Neural mechanisms of acquired phasic dopamine responses in learning.

What biological mechanisms underlie the reward-predictive firing properties of midbrain dopaminergic neurons, and how do they relate to the complex constellation of empirical findings understood as Pavlovian and instrumental conditioning? We previously presented PVLV, a biologically inspired Pavlovian learning algorithm accounting for DA activity in terms of two interrelated systems: a primary value (PV) system, which governs how DA cells respond to a US (reward) and; a learned value (LV) system, which governs how DA cells respond to a CS. Here, we provide a more extensive review of the biological mechanisms supporting phasic DA firing and their relation to the spate of Pavlovian conditioning phenomena and their sensitivity to focal brain lesions. We further extend the model by incorporating a new NV (novelty value) component reflecting the ability of novel stimuli to trigger phasic DA firing, providing "novelty bonuses" which encourages exploratory working memory updating and in turn speeds learning in trace conditioning and other working memory-dependent paradigms. The evolving PVLV model builds upon insights developed in many earlier computational models, especially reinforcement learning models based on the ideas of Sutton and Barto, biological models, and the psychological model developed by Savastano and Miller. The PVLV framework synthesizes these various approaches, overcoming important shortcomings of each by providing a coherent and specific mapping to much of the relevant empirical data at both the micro- and macro-levels, and examines their relevance for higher order cognitive functions.

Towards an executive without a homunculus: computational models of the prefrontal cortex/basal ganglia system.

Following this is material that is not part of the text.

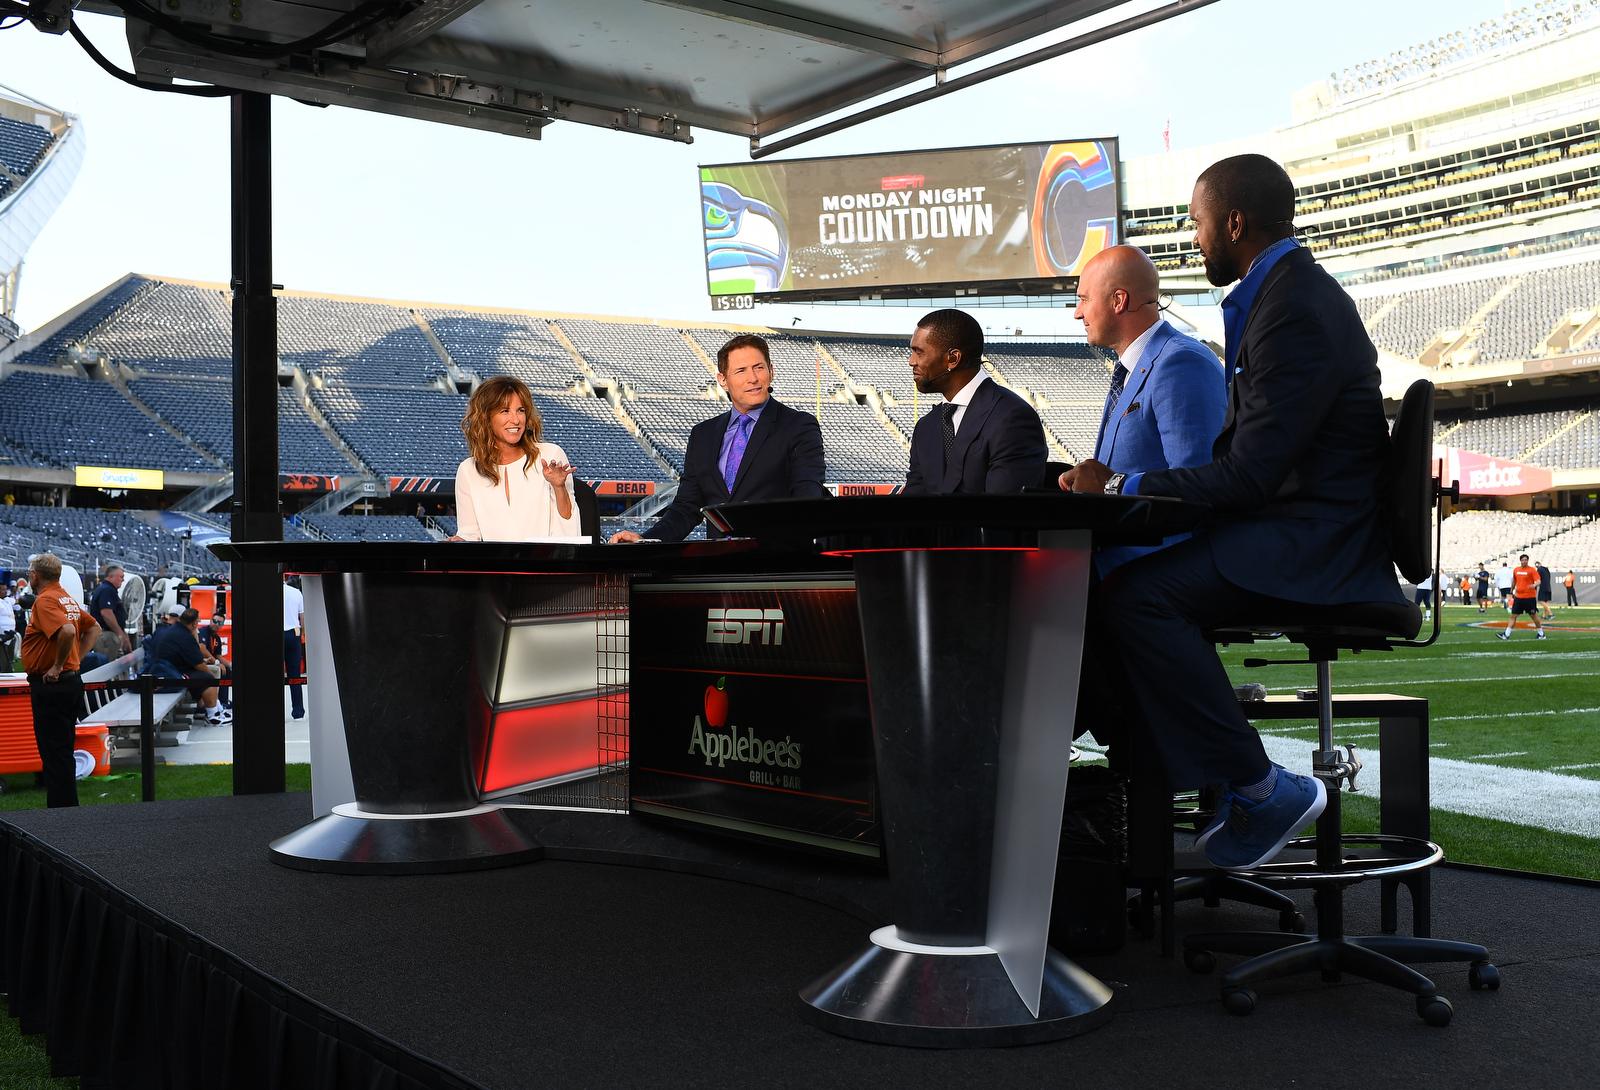 NCS_ESPN-NFL-Monday-Night-Countdown-0011

The prefrontal cortex (PFC) has long been thought to serve as an 'executive' that controls the selection of actions and cognitive functions more generally. However, the mechanistic basis of this executive function has not been clearly specified often amounting to a homunculus. This paper reviews recent attempts to deconstruct this homunculus by elucidating the precise computational and neural mechanisms underlying the executive functions of the PFC. The overall approach builds upon existing mechanistic models of the basal ganglia (BG) and frontal systems known to play a critical role in motor control and action selection, where the BG provide a 'Go' versus 'NoGo' modulation of frontal action representations. In our model, the BG modulate working memory representations in prefrontal areas to support more abstract executive functions. We have developed a computational model of this system that is capable of developing human-like performance on working memory and executive control tasks through trial-and-error learning. This learning is based on reinforcement learning mechanisms associated with the midbrain dopaminergic system and its activation via the BG and amygdala. Finally, we briefly describe various empirical tests of this framework.

PVLV: the primary value and learned value Pavlovian learning algorithm.

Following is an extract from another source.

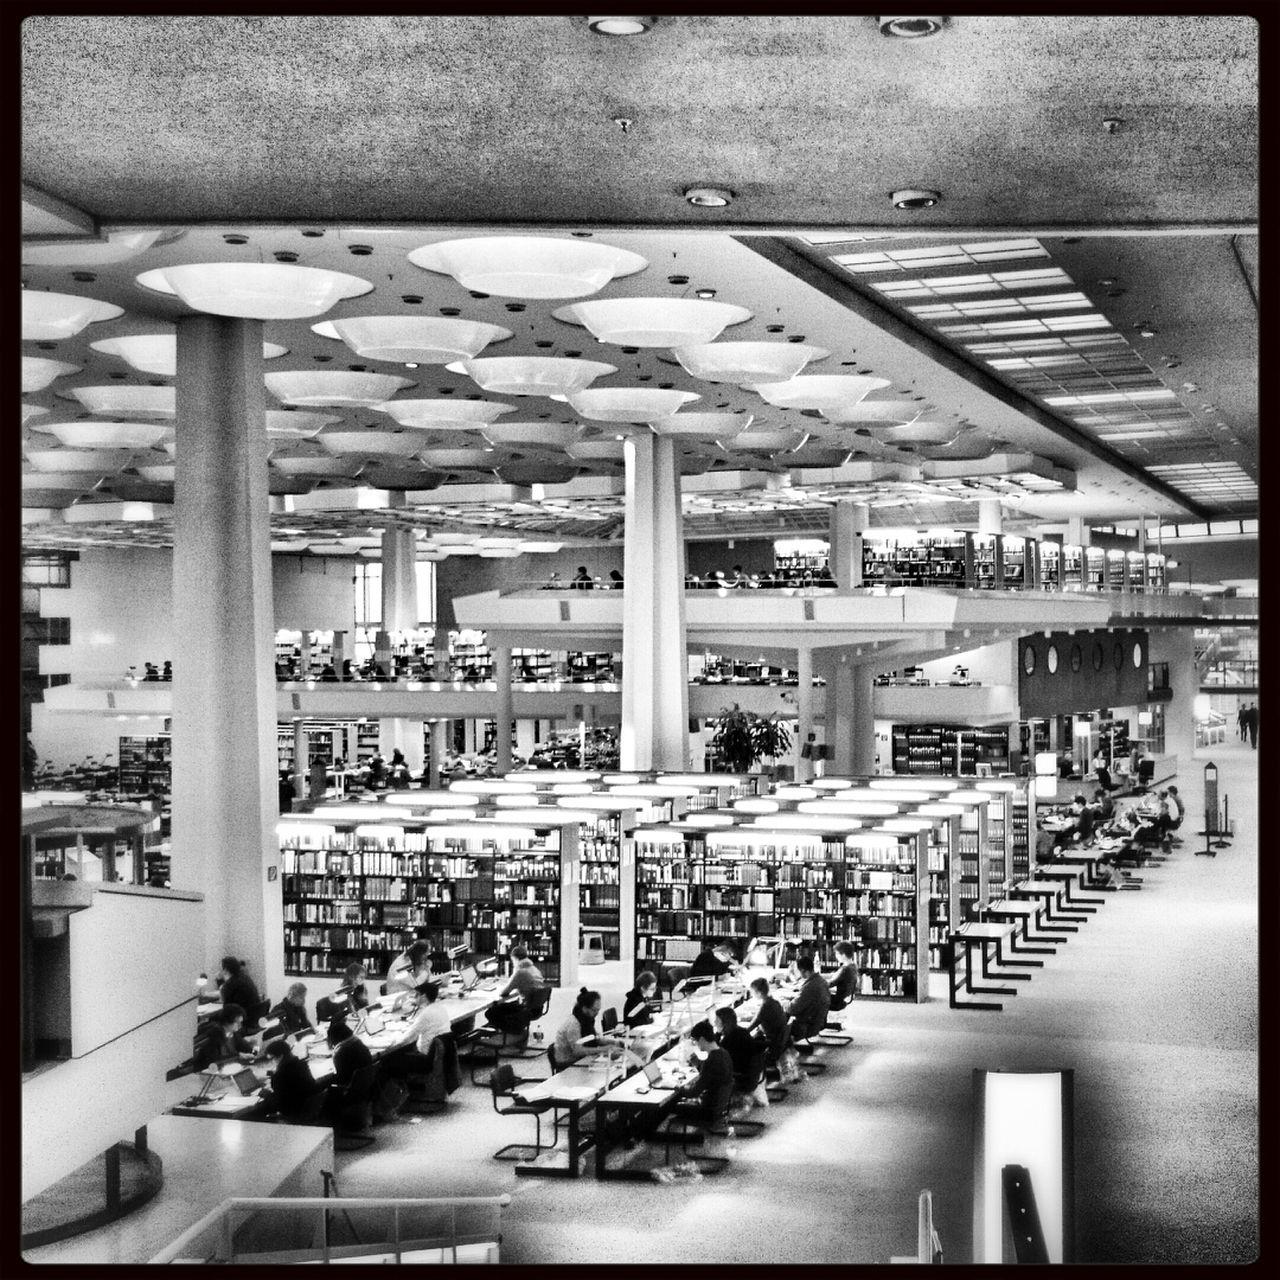 Lesesaal Berlin Architecture Architecture_bw Scharoun

The authors present their primary value learned value (PVLV) model for understanding the reward-predictive firing properties of dopamine (DA) neurons as an alternative to the temporal-differences (TD) algorithm. PVLV is more directly related to underlying biology and is also more robust to variability in the environment. The primary value (PV) system controls performance and learning during primary rewards, whereas the learned value (LV) system learns about conditioned stimuli. The PV system is essentially the Rescorla-Wagner/delta-rule and comprises the neurons in the ventral striatum/nucleus accumbens that inhibit DA cells. The LV system comprises the neurons in the central nucleus of the amygdala that excite DA cells. The authors show that the PVLV model can account for critical aspects of the DA firing data, making a number of clear predictions about lesion effects, several of which are consistent with existing data. For example, first- and second-order conditioning can be anatomically dissociated, which is consistent with PVLV and not TD. Overall, the model provides a biologically plausible framework for understanding the neural basis of reward learning.